The steam frigate Pawnee, Capt. Hiram Paulding, left Washington on the evening of the 19th, and arrived, at 4 P. M. of the 20th, abreast of Fortress Monroe. Here she took on board Col. Wardrop's regiment of Massachusetts volunteers, 450 strong, raising her fighting force to some six hundred men. She now steamed cautiously and slowly up the river to the Navy Yard, which she reached soon after 8 o'clock. Capt. Paulding had instructions from the Secretary of the Navy, directing him to take command at Norfolk, on his arrival there, and to act as circumstances should dictate; but, at all events, to save the public property from falling into the hands of traitors. He found the guns in the Navy Yard rendered useless by Capt. McCauley's orders, and nearly all the ships of war disabled — several of them already sinking. Among the scuttled was the Merrimac — alone worth all the rest — barely the Cumberland having been reserved to bear away the expectant fugitives. Still, Capt. Paulding might have held his position a week against all the traitors yet developed in Virginia; and that week would have brought at least 30,000 men to his aid. But, without awaiting the firing of a shot, or even the appearance of a foe, he proceeded at once to transfer, with the utmost haste, books, papers, money, and some other of the most portable portions of the public property, to the Pawnee and the Cumberland; not even saving the small arms, of which his Government stood in urgent need.
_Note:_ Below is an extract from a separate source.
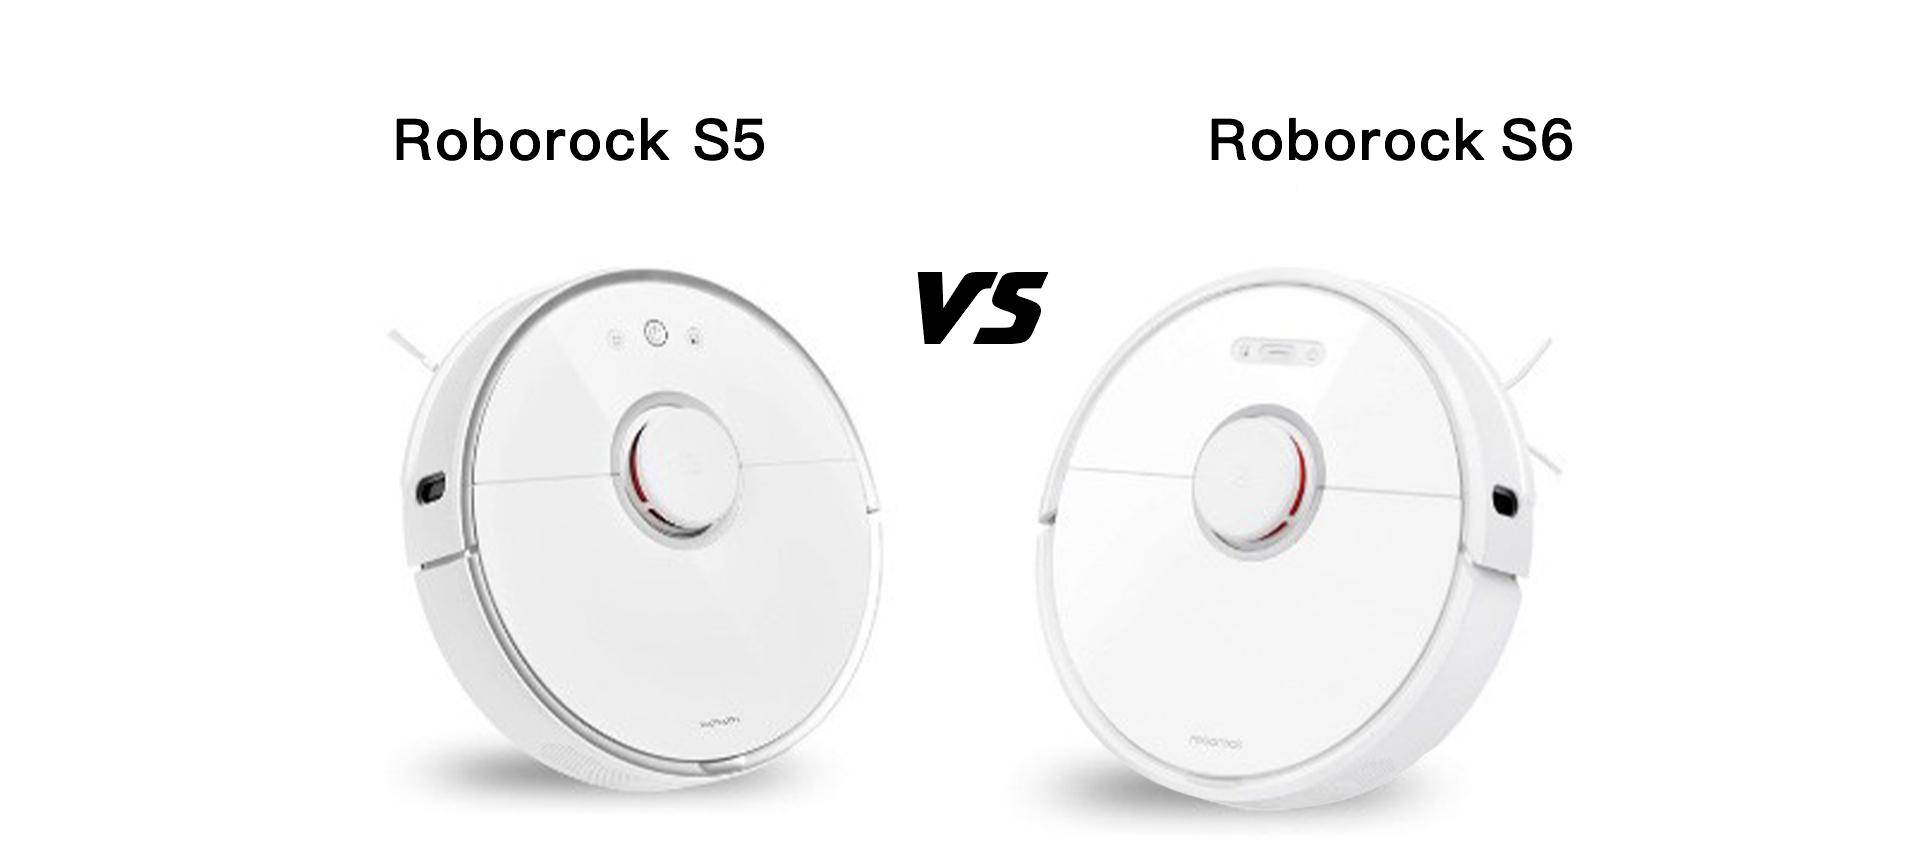 Roborock S6 vs. Roborock s5

The cannon he abandoned were (or had been) partially spiked; but so inefficiently, with nails, etc., that they were promptly and easily restored by the Rebels to a serviceable condition. The muskets, revolvers, etc., were broken, and, with great quantities of shot and shell, thrown into the water. Several hours were spent in this work — the marine barracks, in the center of the Yard, being set on fire, about midnight, to give light for its continuance.

Lieut. H. A. Wise1 had accompanied Capt. Paulding from Washington, and was detailed by him, on or before their arrival, to board the Merrimac and bring her out, if possible; and he was accordingly on her

1 Since, of the Naval Ordnance Bureau.